Yet the jubilation masks a stark and well-documented divide. Sub-Saharan Africa’s last absolute monarch and his dozen wives are widely criticised for a lavish lifestyle whose upkeep costs tens of millions of dollars — with the government this month approving an additional $3 million allocation for royal expenses. Meanwhile, roughly a third of the mountainous, landlocked nation’s 1.5 million people live below the World Bank’s poverty line of $2.15 a day.

Wandile Dludlu, leader of the country’s biggest opposition party, made no attempt to conceal his contempt for the celebrations. The festivities amounted to “yet another public waste of scarce resources,” he told Reuters, rattling off a list of what he described as unresolved crises including poverty, inequality and one of the world’s highest HIV prevalence rates.

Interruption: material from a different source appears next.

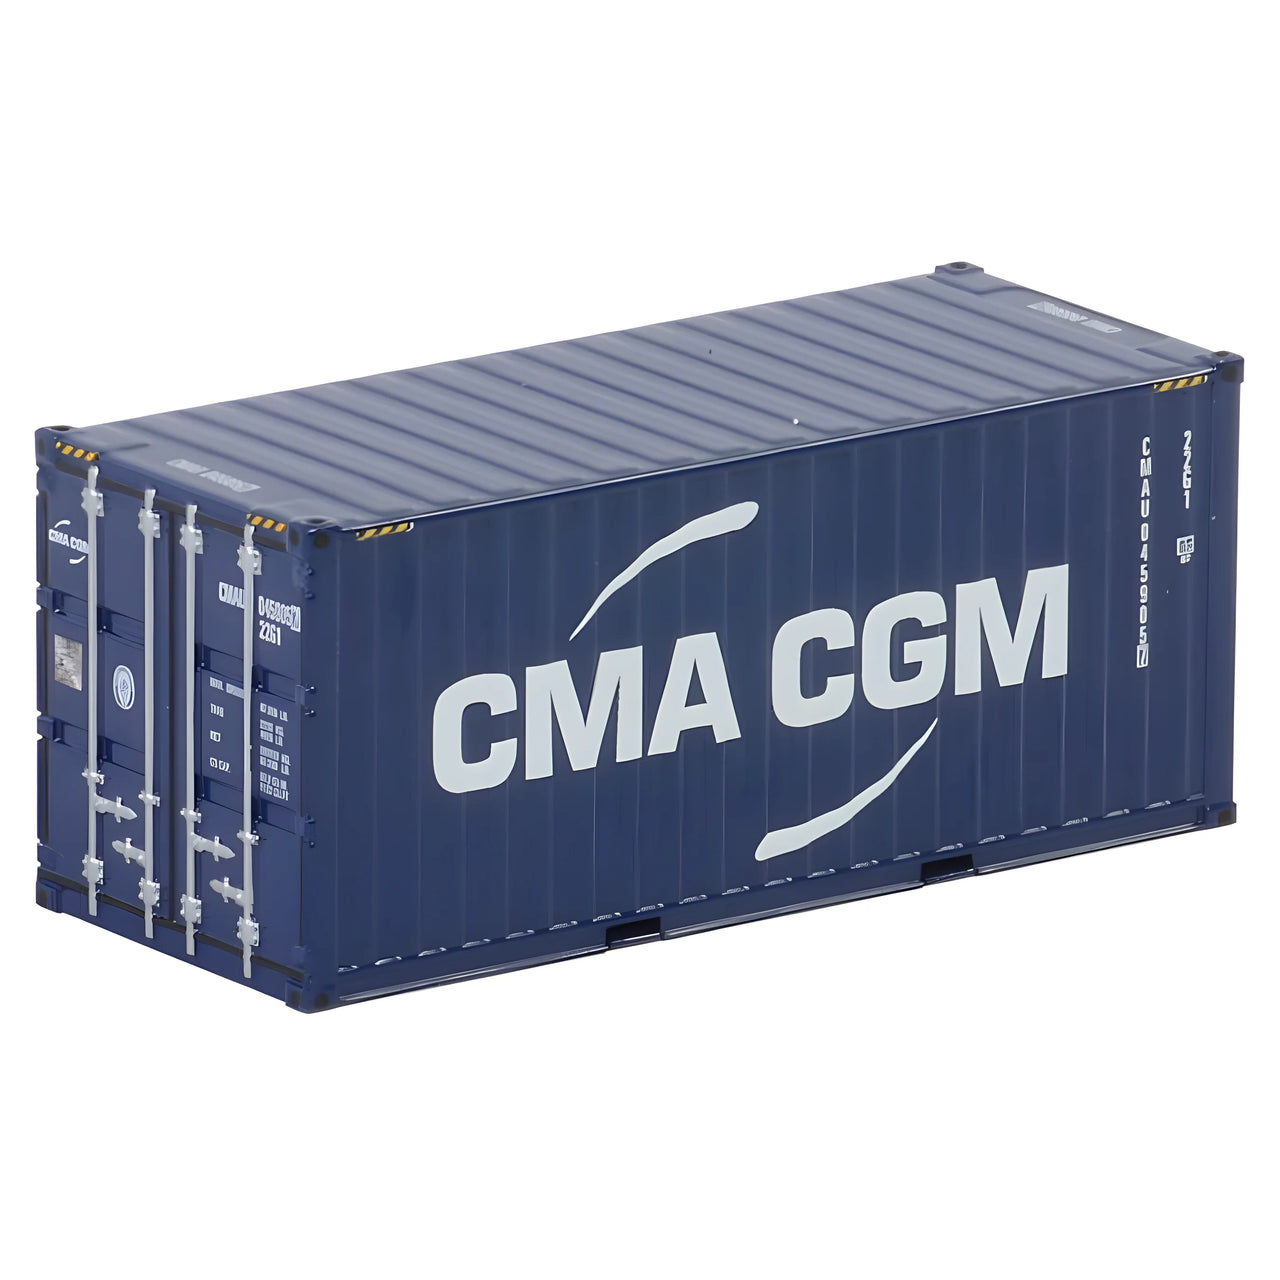 04-2083 Container CMA GGM 20' Scale 1:50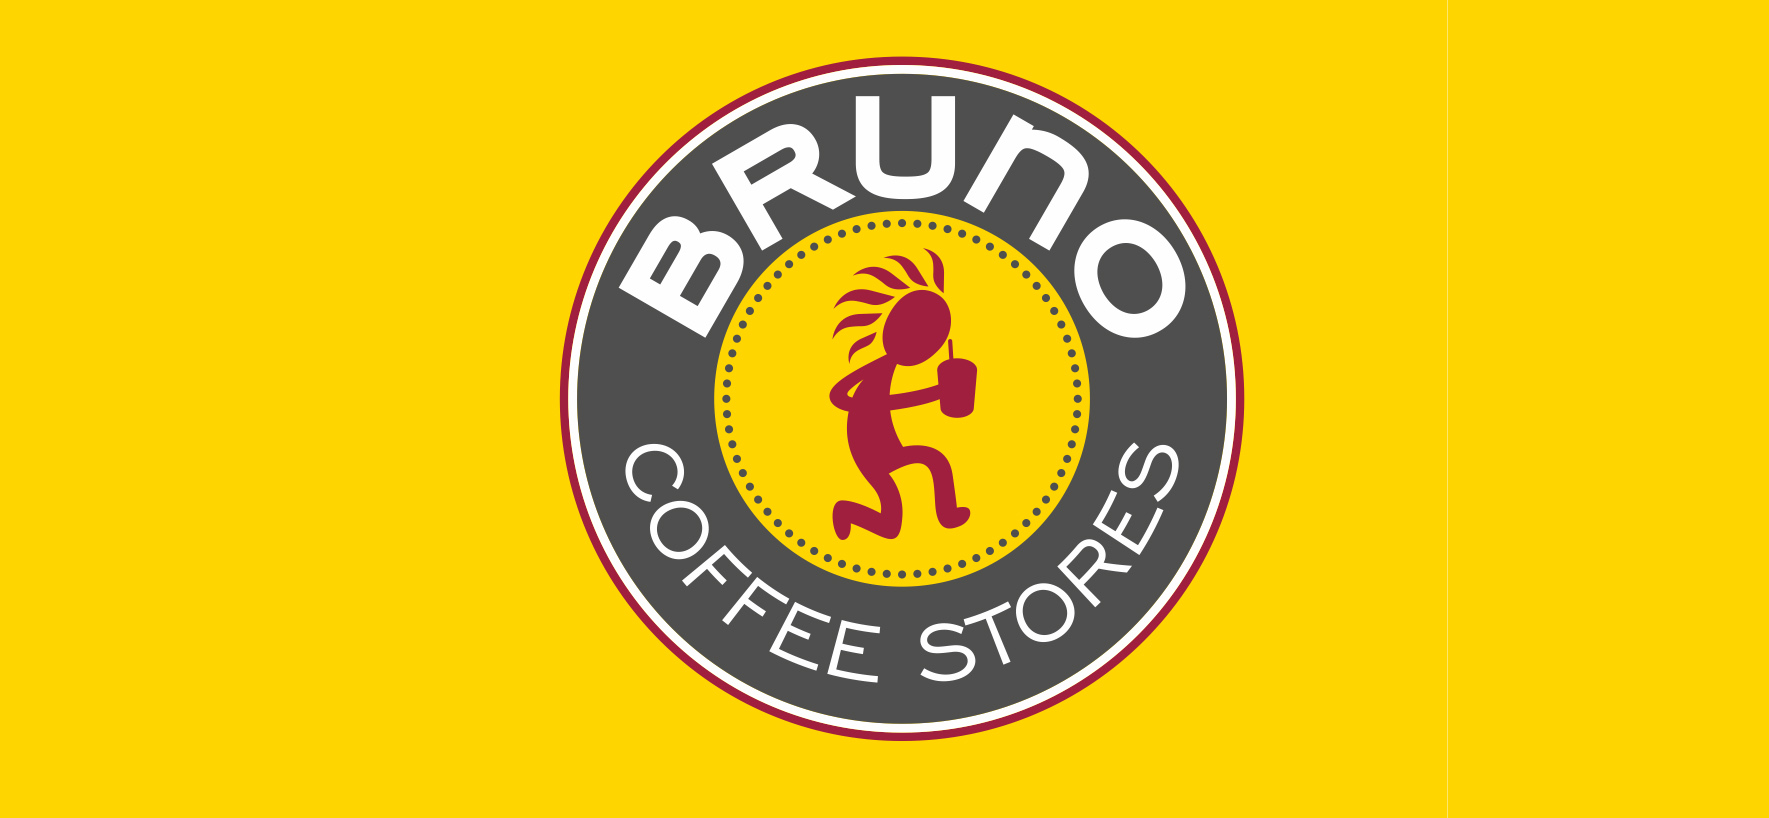 Bruno coffee – Κοντά σας από την Καθαρά Δευτέρα στον Αλμυρό

That discontent has previously spilled onto the streets. In 2021, widespread protests over the wealth gap were violently suppressed by security forces, drawing sharp condemnation from international human rights organisations. The kingdom attracted further unwelcome international attention more recently, after it jailed deportees sent from the United States as part of President Donald Trump’s sweeping immigration crackdown — an episode that drew scrutiny from both rights groups and foreign governments.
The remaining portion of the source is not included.